Свяжитесь с нами! / Спросите нас!
Литература/Литература
- Басселе., Вегжин Г., Энфорс С.-О., Габиг-Циминска М. (2008): Обработка образцов для анализа энтерогеморрагической кишечной палочки (ЭГКП) на основе матрицы ДНК-чипов. Фабрики микробных клеток 7:29. 2008.
- Дублье С., Риганти К., Воэна К., Костаманья К., Альдиери Э., Пескармона Г., Гиго Д., Бося А. (008): Подавление RhoA снижает резистентность к доксорубицину в клетках рака толстой кишки человека. Молекулярные исследования рака 6(10), 2008.

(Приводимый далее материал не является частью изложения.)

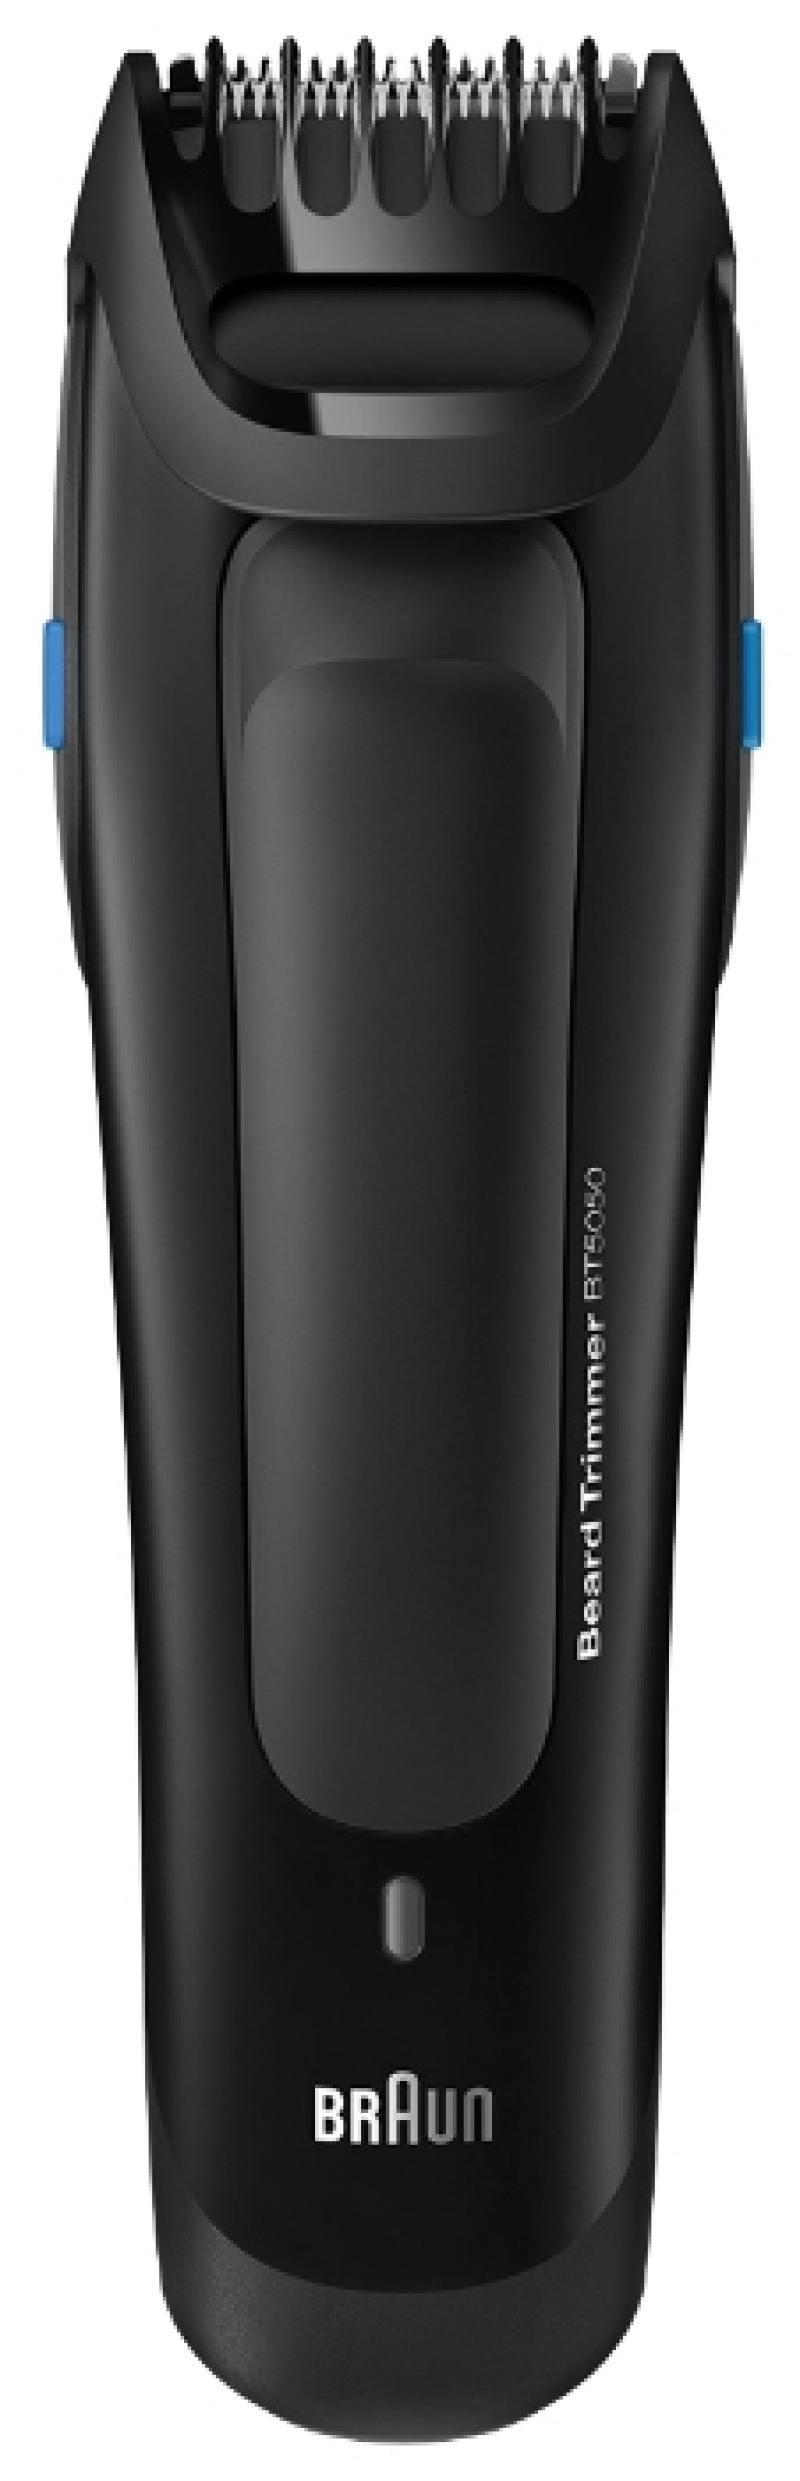 Триммер Braun BT5050 чёрный

- Фредлунд Э., Гидлунд А., Олсен М., Бёрьессон Т., Сплиид Н.Х.Х., Симонссон М. (2008): Метод оценки экстракции ДНК Fusarium из мицелия и пшеницы для количественного определения ПЦР в реальном времени и корреляции с уровнями микотоксинов. Журнал микробиологических методов, 2008.

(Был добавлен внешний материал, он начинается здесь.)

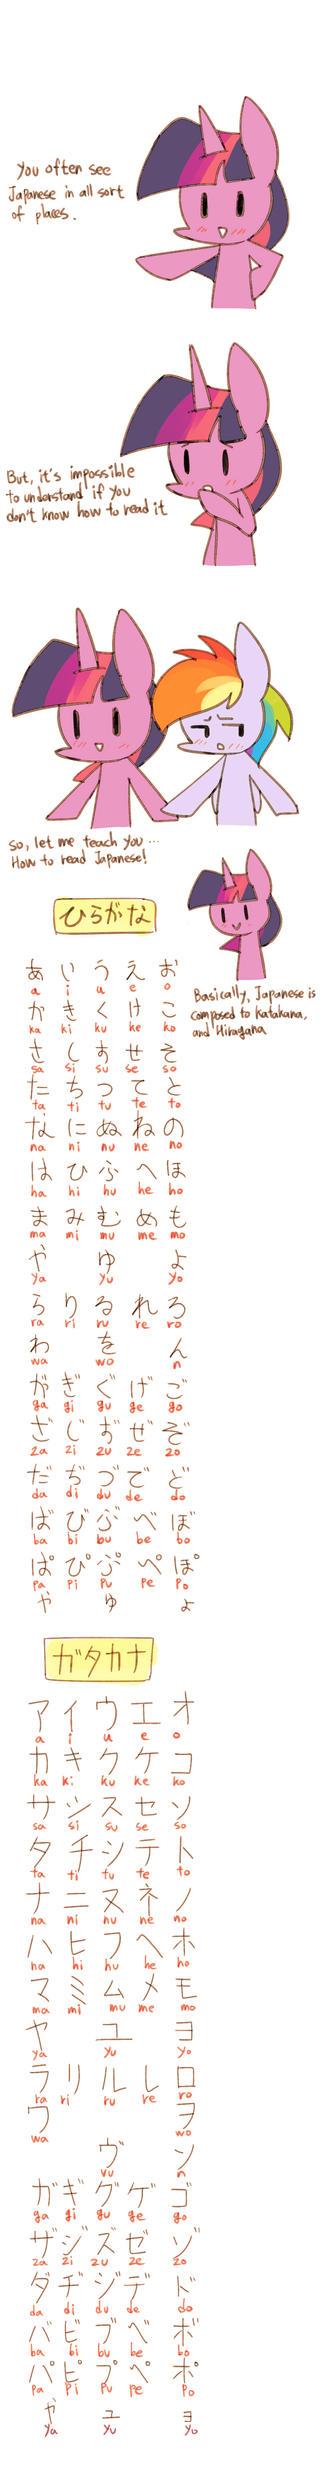 Hi, Japanese by joycall3

- Фриче К., Ситц М., Вейланд Н., Брайтлинг Р., Поль Х.-Д. (2007): Характеристика поведения роста Leishmania tarentolae – новой системы экспрессии рекомбинантных белков. Журнал фундаментальной микробиологии 47, 2007. 384–393.
- Ристола М., Арпиайнен С., Салим М. А., Мэтисон. В., Уэлш Г. И., Лехтонен С., Холтхёфер Х. (2009): Регуляция гена Neph3 в подоцитах – ключевая роль факторов транскрипции NF-κB и Sp1. BMC Молекулярная биология 10:83, 2009.

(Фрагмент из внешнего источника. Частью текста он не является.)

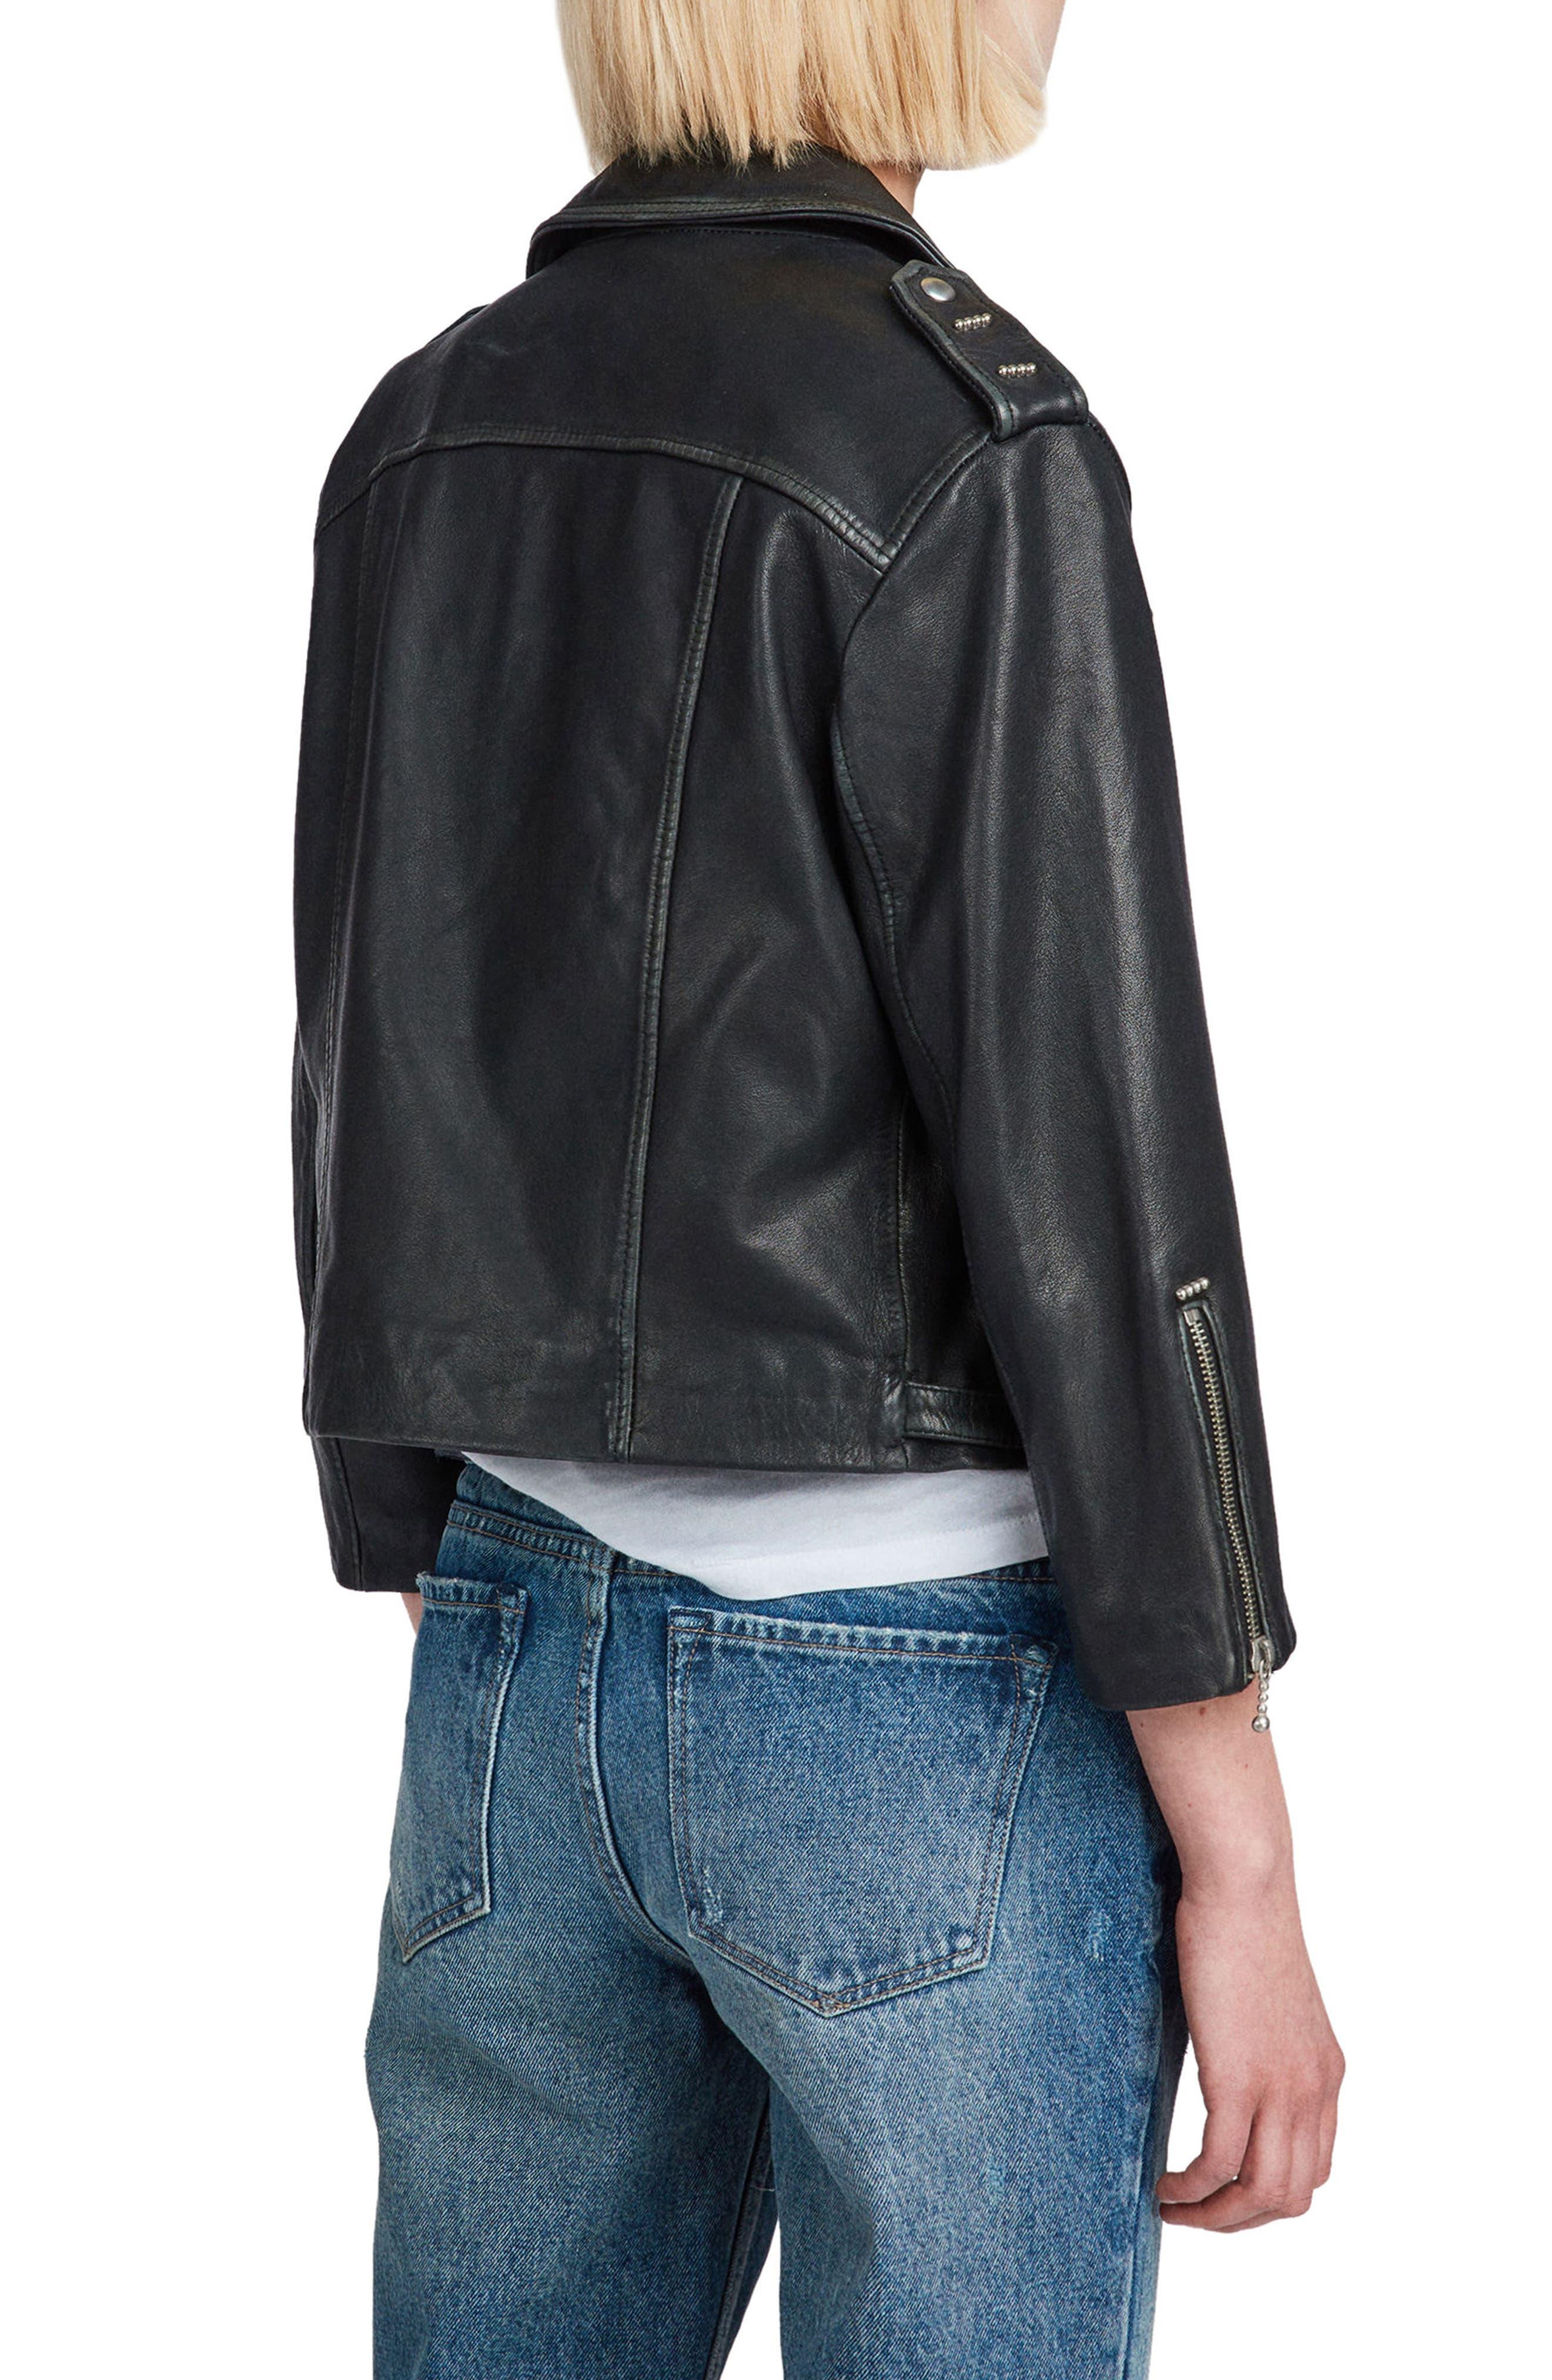 Lara Sheepskin Leather Biker Jacket,                             Alternate thumbnail 2, color,                             001

- Родригес Х., Вивес Л., Джорда М., Моралес К., Муньос М., Вендрелл Э., Пейнадо М. А. (2008): Полногеномное отслеживание повторов неметилированной ДНК Alu в нормальных и раковых клетках. Исследование нуклеиновых кислот Том 36, No 3, 2008. 770-784.
- Вайске, Й., Хубер, О. (2006): Белок гистидина триады Hint1 вызывает апоптоз независимо от его ферментативной активности. Журнал биологической химии. Т. 281, No 37, 2006. 27356–27366.
Факты, которые стоит знать
Что такое сдвиг ДНК?
Резка ДНК — это процесс, используемый для фрагментации молекул ДНК на более мелкие части, как правило, с помощью механических сил, таких как ультразвуковая обработка. Этот метод обычно используется в молекулярной биологии для подготовки ДНК к секвенированию или другим анализам, гарантируя, что фрагменты имеют управляемые и постоянные размеры. Сдвиг разрушает длинные нити ДНК без секвенционно-специфичных разрезов, в отличие от ферментативного пищеварения, которое расщепляется в определенных местах.
Почему ДНК нужно стричь?
ДНК необходимо срезать для создания фрагментов управляемых, однородных размеров, пригодных для секвенирования, подготовки библиотек и других методов молекулярной биологии. В таких приложениях, как секвенирование нового поколения, фрагментированная ДНК позволяет генерировать перекрывающиеся последовательности, которые могут быть собраны с помощью вычислений для реконструкции исходной последовательности ДНК. Сдвиг также помогает рандомизировать ДНК, обеспечивая всесторонний отбор образцов генетического материала, что имеет решающее значение для точного анализа и идентификации генетических вариаций.
Как срезать геномную ДНК?
Геномная ДНК может быть срезана с помощью механических сил, таких как ультразвуковая обработка, которая использует ультразвуковые волны для разрушения ДНК. В качестве альтернативы для контролируемой фрагментации можно использовать ферментативный сдвиг с эндонуклеазами. Выбор метода и условий, таких как продолжительность и интенсивность, зависит от желаемого размера фрагмента и последующих областей применения.